◆ DATA SHOWN
=== Section Start ===

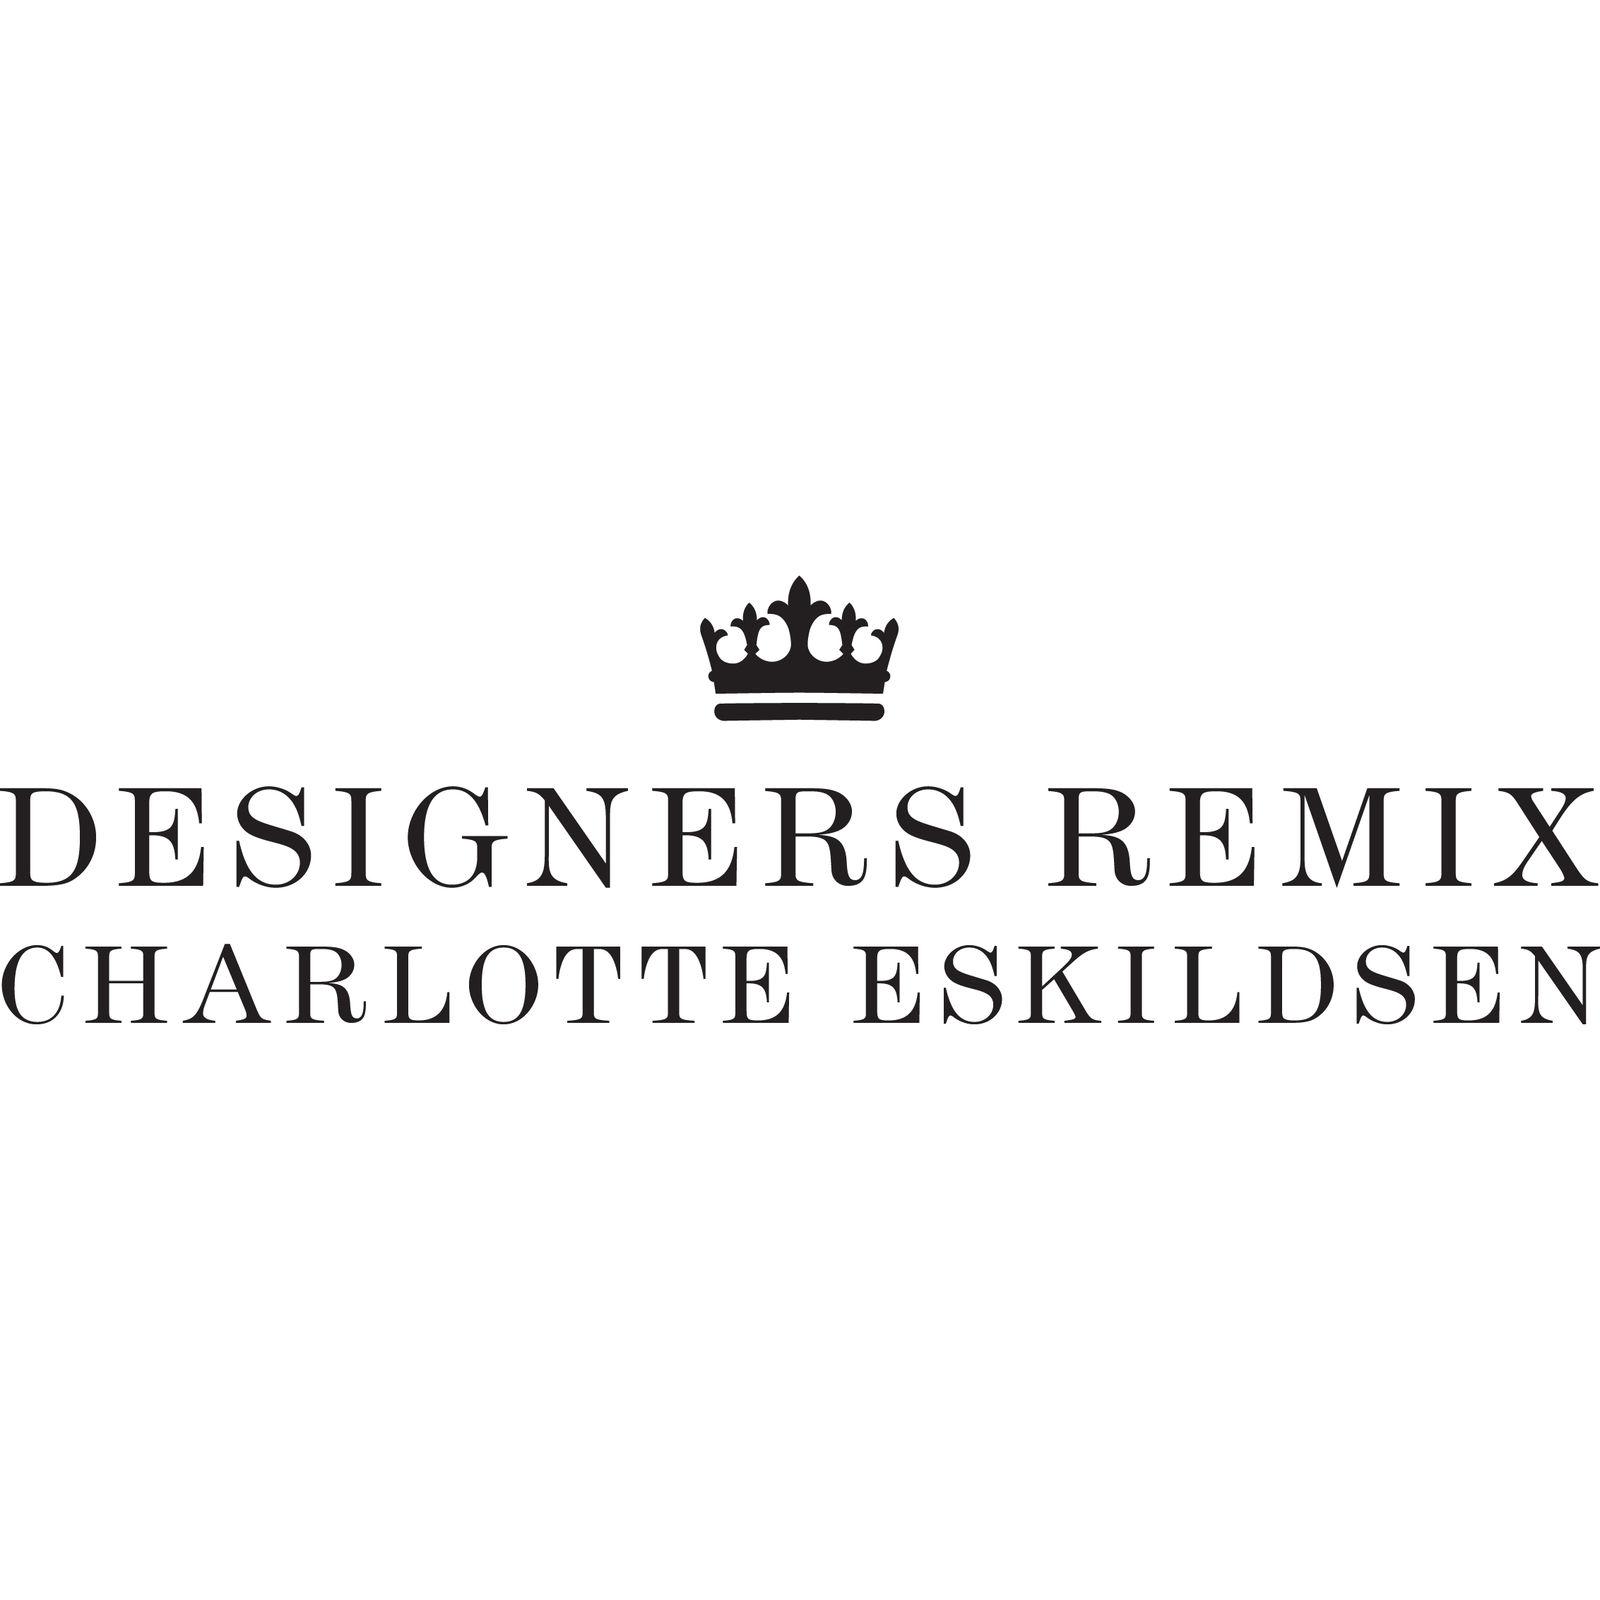 DESIGNERS REMIX (Image 1)
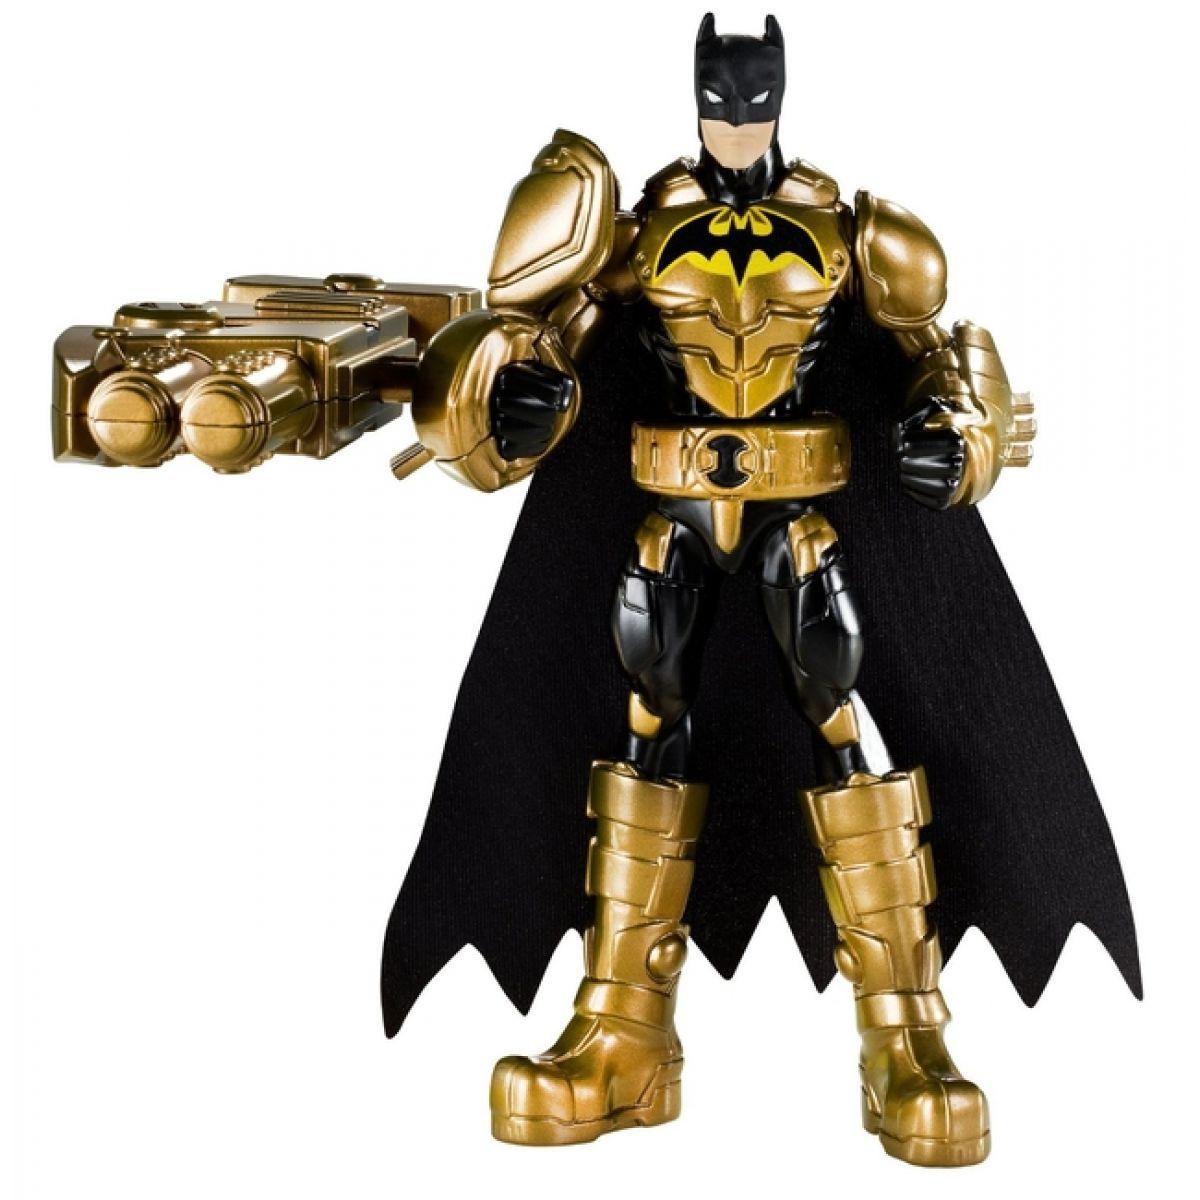 Batman bojové figurky Mattel W7256 - Batman Turbo punch
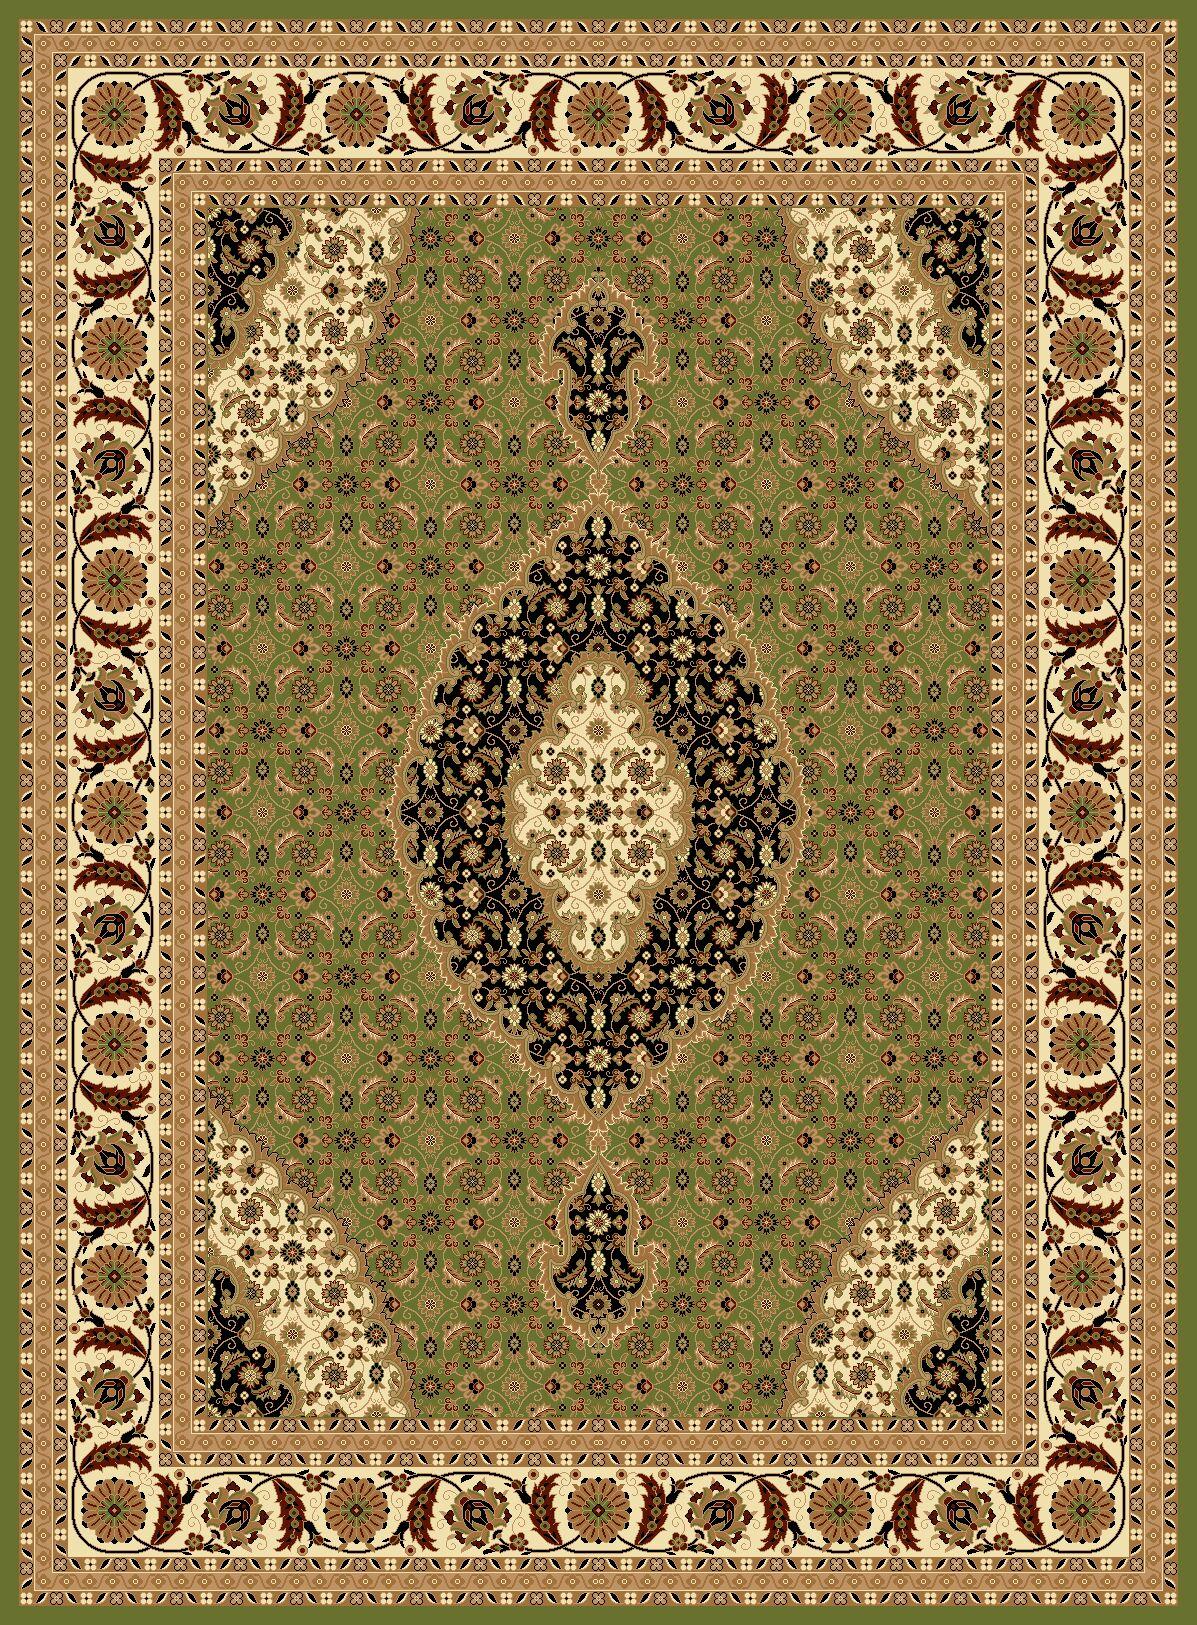 Mona Lisa Green Area Rug Rug Size: Rectangle 7'11

=== Section End ===

◆ EXERCISE DESCRIPTION
Copy out the whole listing word for word, except for any picture it includes.

◆ EXERCISE SOLUTION
 DESIGNERS REMIX (Image 1)
 Batman bojové figurky Mattel W7256 - Batman Turbo punch
 Mona Lisa Green Area Rug Rug Size: Rectangle 7'11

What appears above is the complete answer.